Recently, I read an article here on HN which proclaimed that the best use of
CS/IT knowledge is in non-CS positions. Use it as your secret weapon; use it
to gain an advantage in your everyday life. Now, most ME majors nowadays have
some rudimentary functional programming experience but I'm hoping that
sentiment will still hold true.

As far as client work goes, all my development work is through the Facebook
Platform (apps and whatnot) so I've built up a reputation on their developer
forums and can pretty easily secure work based solely on that. I think the
main hurdle with web development is that nearly everyone has a website these
days. You might consider checking out some of your local companies and seeing
which have poor websites and going from there.

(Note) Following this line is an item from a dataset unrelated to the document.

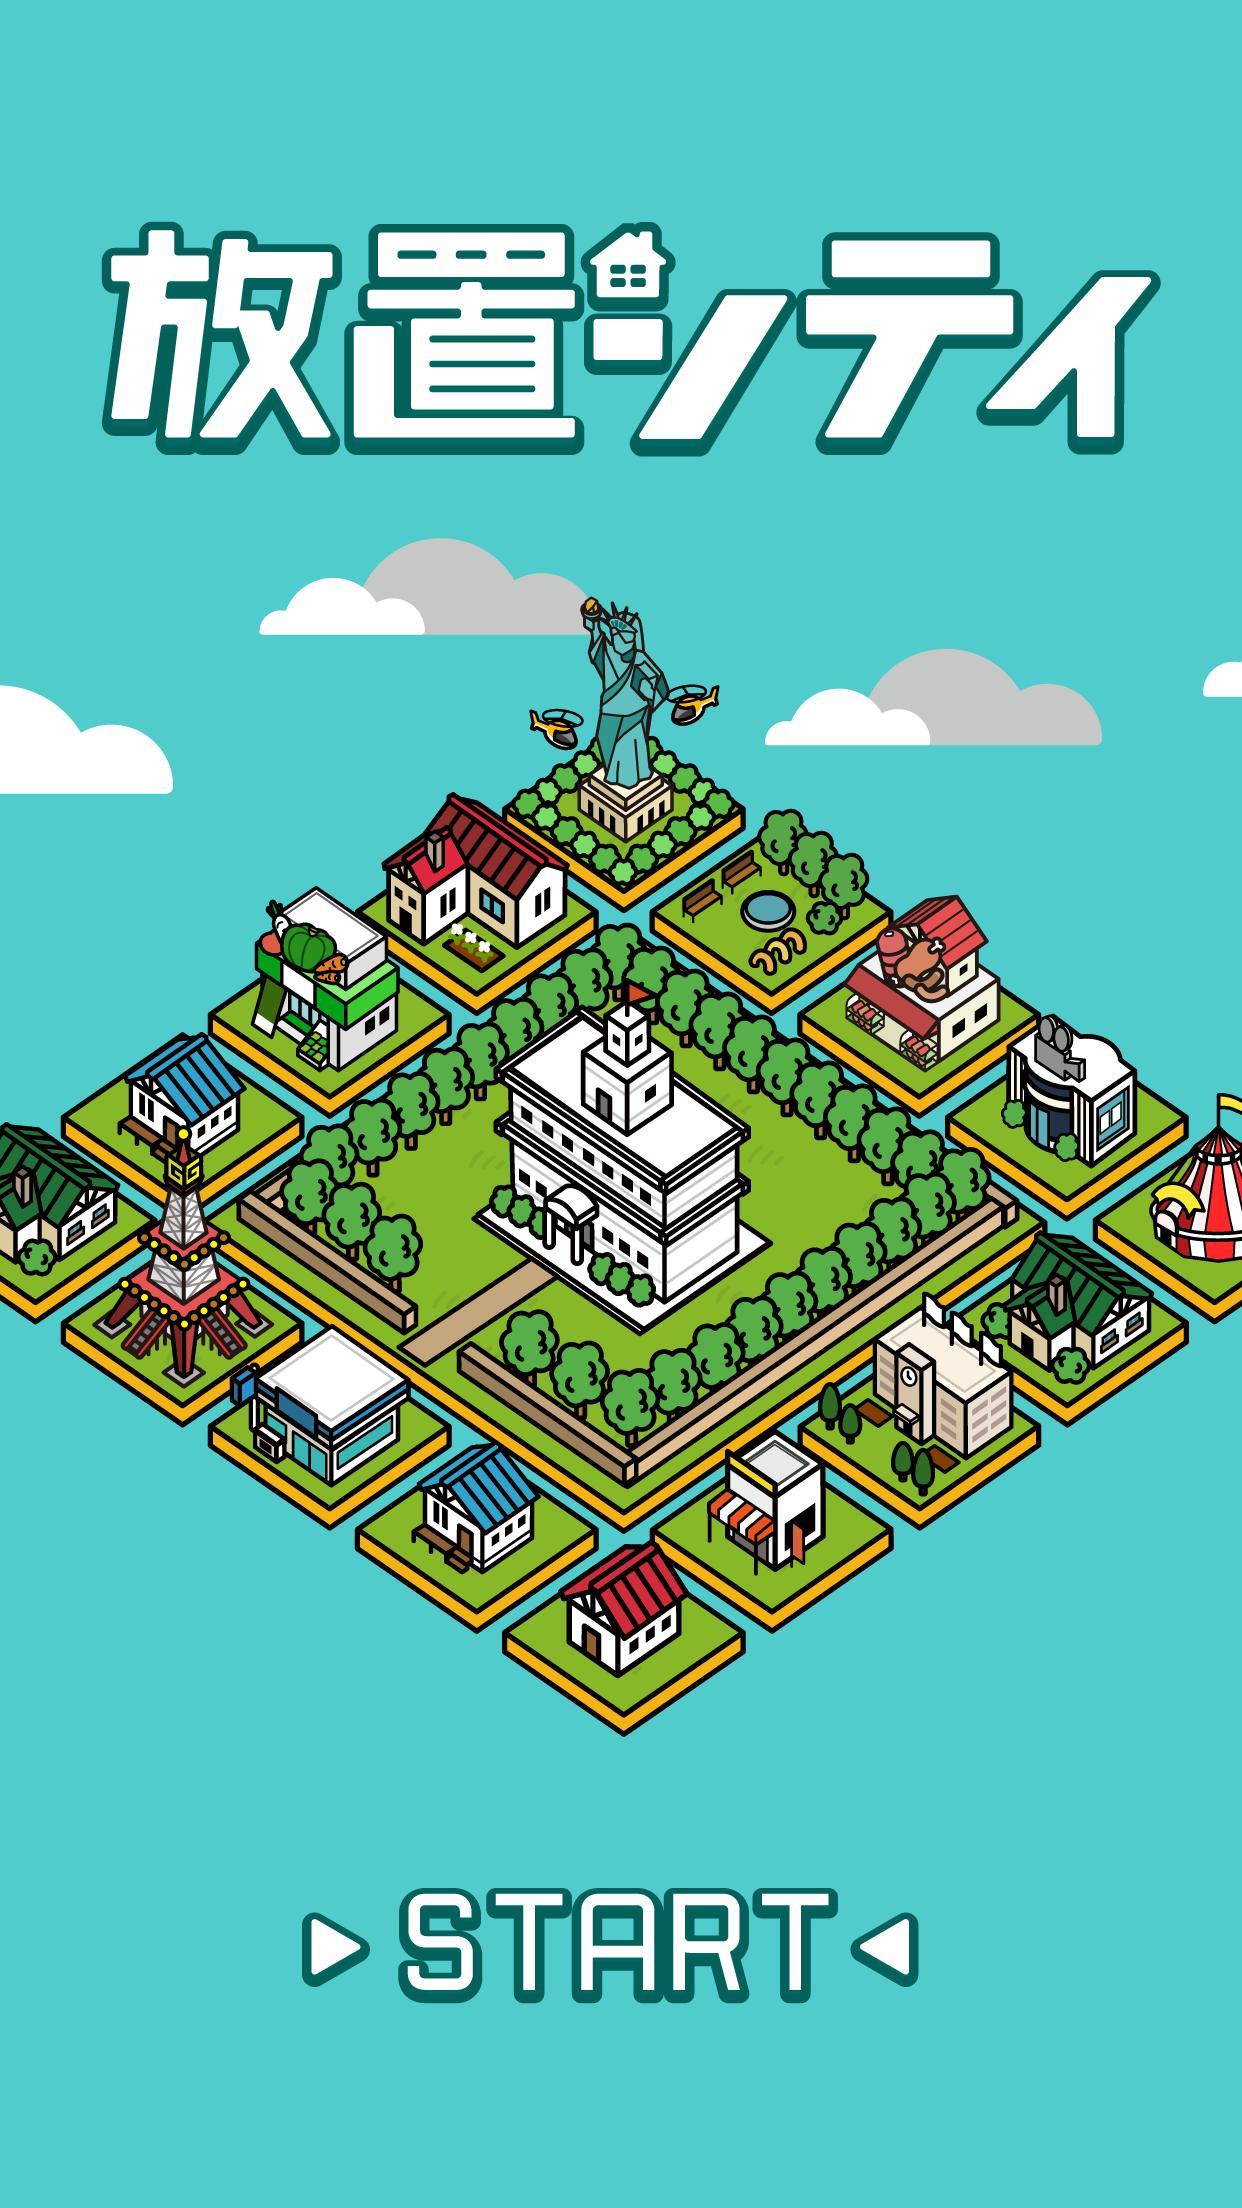 放置シティ ~のんびり街づくりゲーム~ 1.7.0 Screenshot 5

Otherwise, try to become a well
known and reputable member somewhere online.

------
devotion
About to leave University (BSc Software Engineering. 3 exams left, all this
month).

I have a job secured in the security field and have a personal wiki full of
projects that I want to do on the side. One of which is in the planning stages
as I type this.

Looking forward to see what the next 12 months hold.

------
jiaaro
I'm graduating with a BA in Economics.

Plans: I'll be writing software... like I have for the past 2 years ;)

------
kobs
BS in CS. Graduated about a week ago from UF. Going to work for a bookstore.

------
adam-_-
Graduating in June. Perl developer for an ecommerce company in London.

------
shadowz
Graduating in June from high school. Going into computer science.

------
stjarnljuset
working on enterprise web applications